Go to the line holding "Petite Mesh-Sleeve Embellished Gown - Taupe" in the data below and repeat it exactly, then each line after it up to and including the one holding "Antique French Louis". Omit pictures.

Supplied material:
►

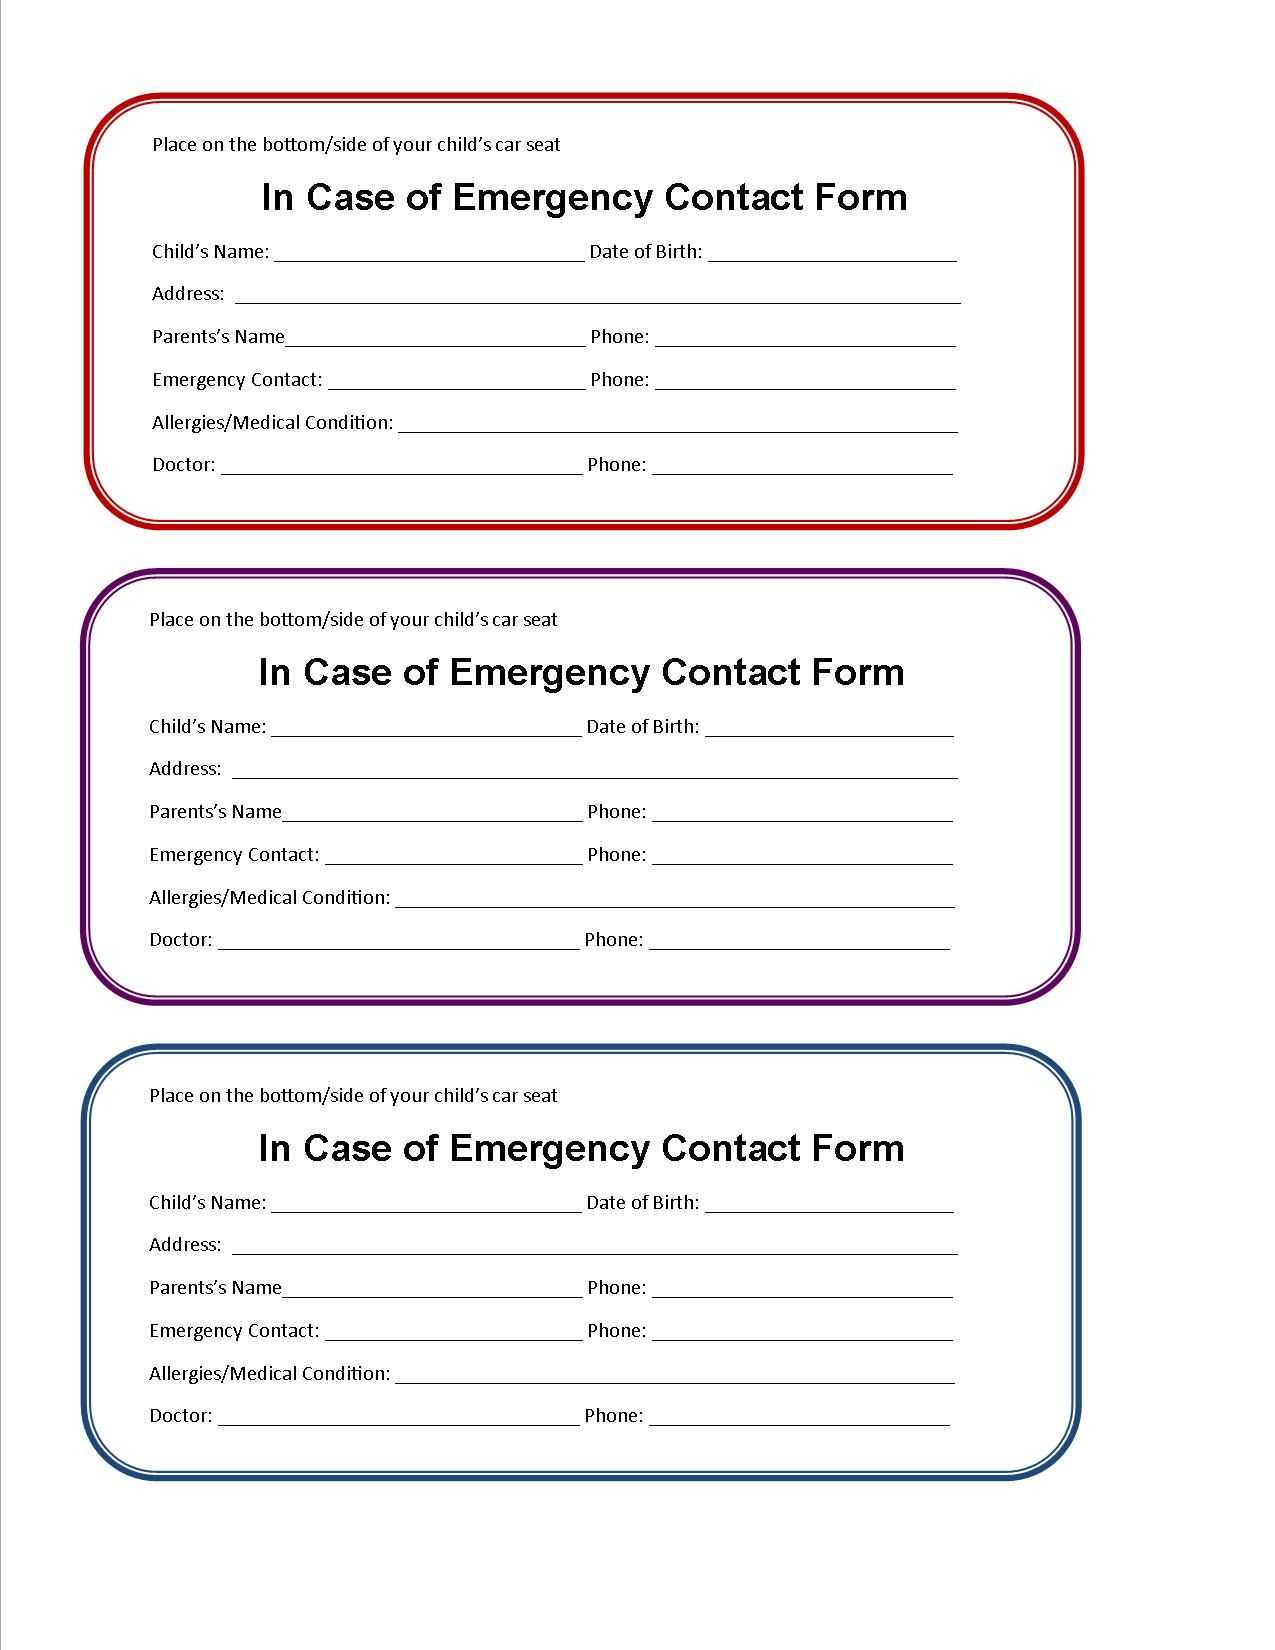 Printable Emergency Contact Form For Car Seat | Super Mom I Intended For Medical Alert Wallet Card Template
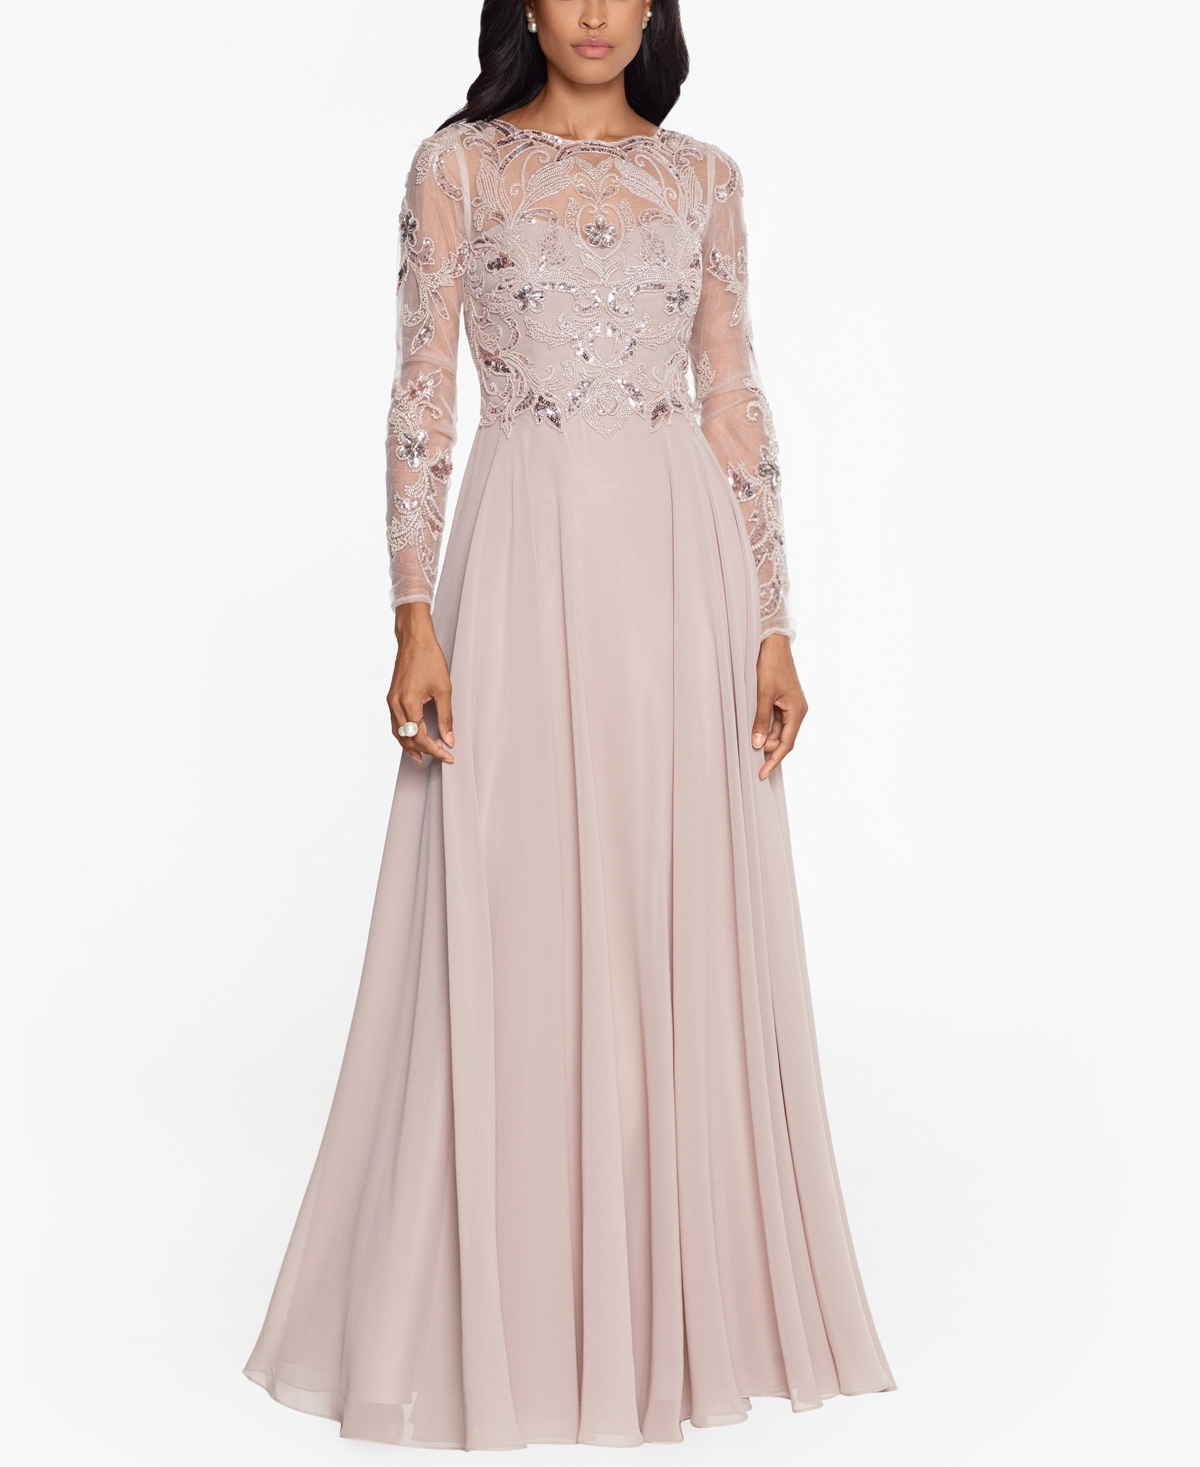 Petite Mesh-Sleeve Embellished Gown - Taupe
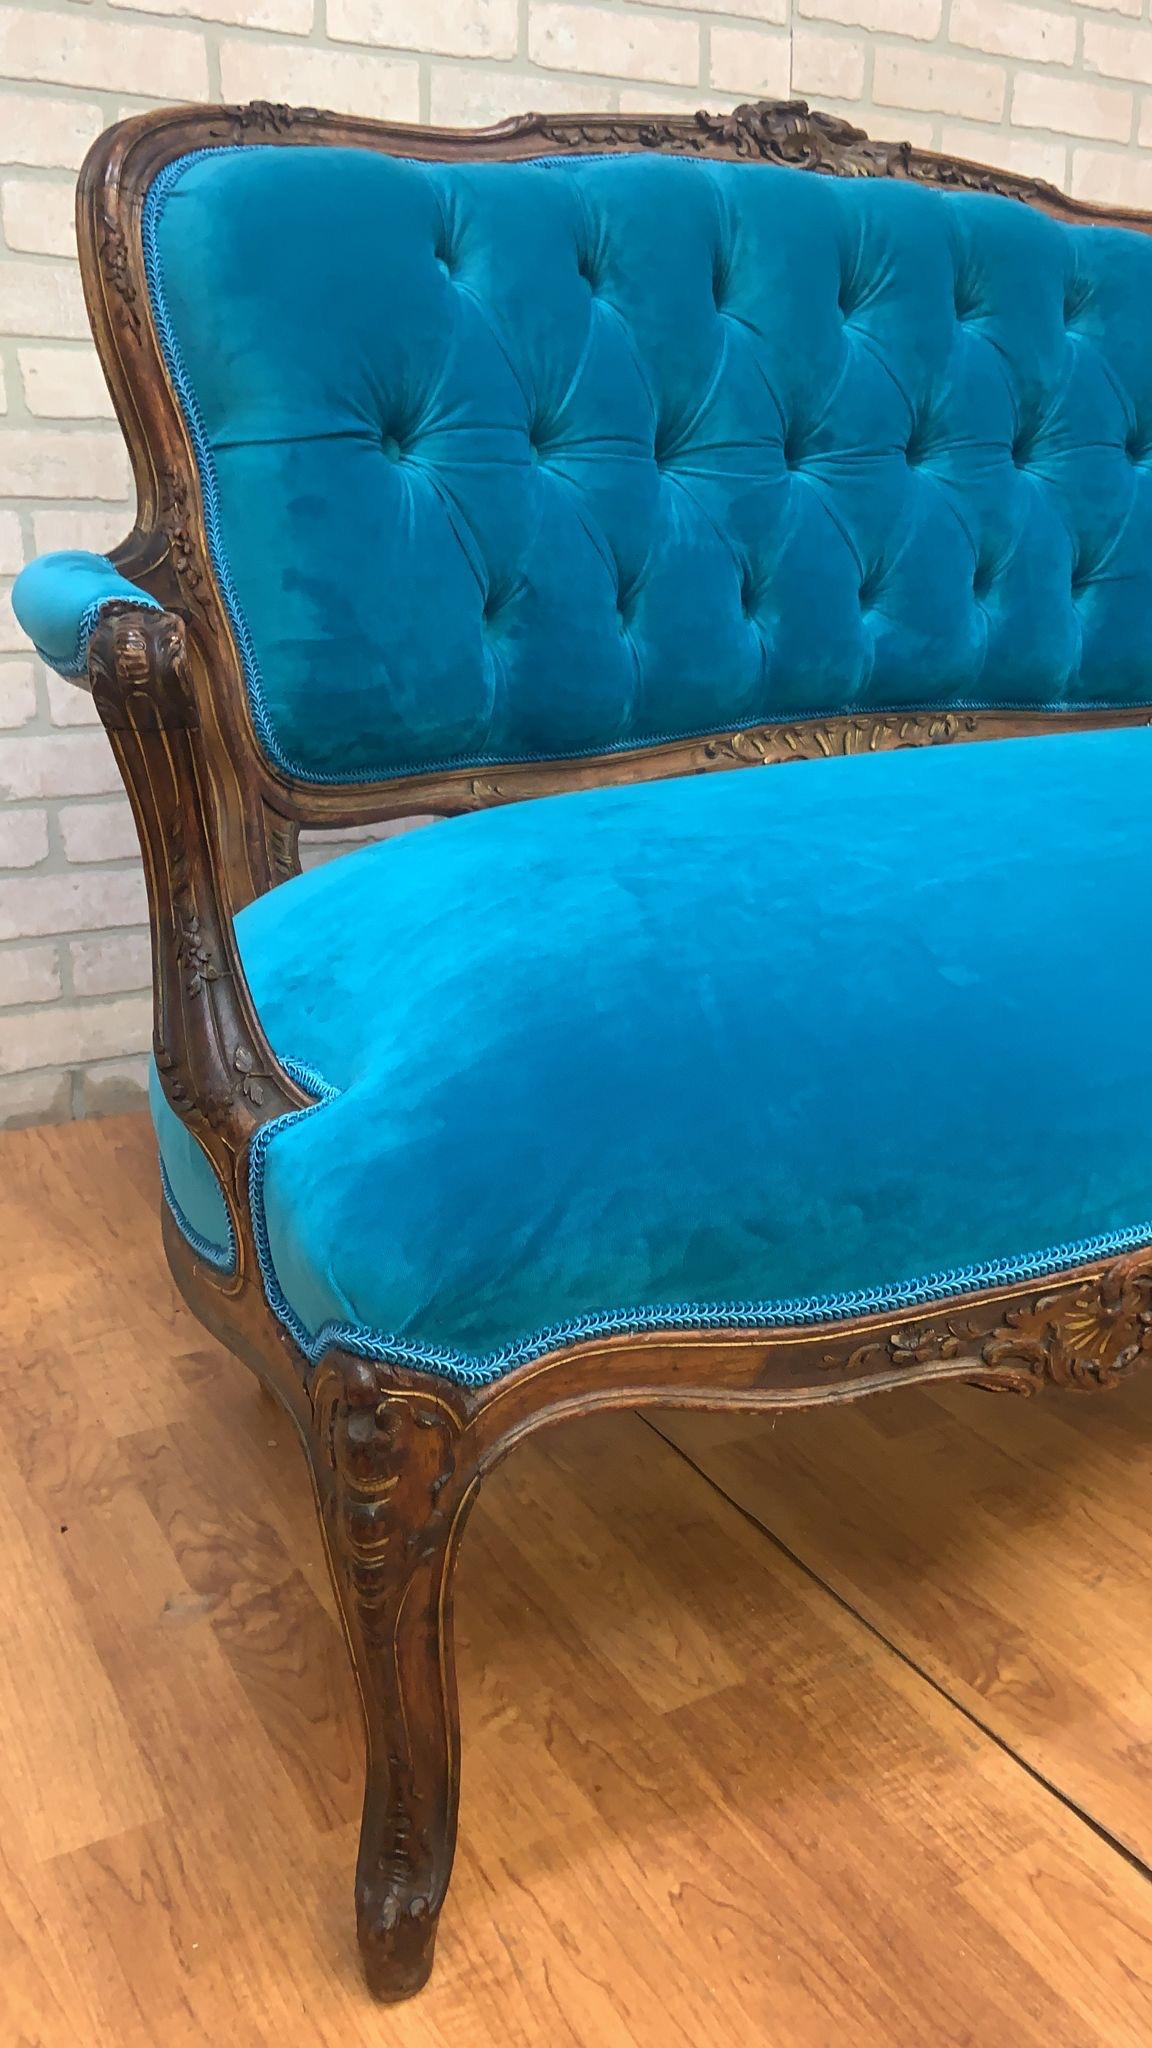 Antique French Louis XV Style Hand Carved Walnut Floral Motif Tufted Back Settee Newly Reupholstered in a Teal Velvet in the Front with a Patterned Gold and Teal Velvet in the Back 

A gorgeous settee of fine quality with beautiful floral

◄

Answer to this task:
 Petite Mesh-Sleeve Embellished Gown - Taupe
 Antique French Louis XV Style Hand Carved Walnut Floral Motif Tufted Back Settee Newly Reupholstered in a Teal Velvet in the Front with a Patterned Gold and Teal Velvet in the Back 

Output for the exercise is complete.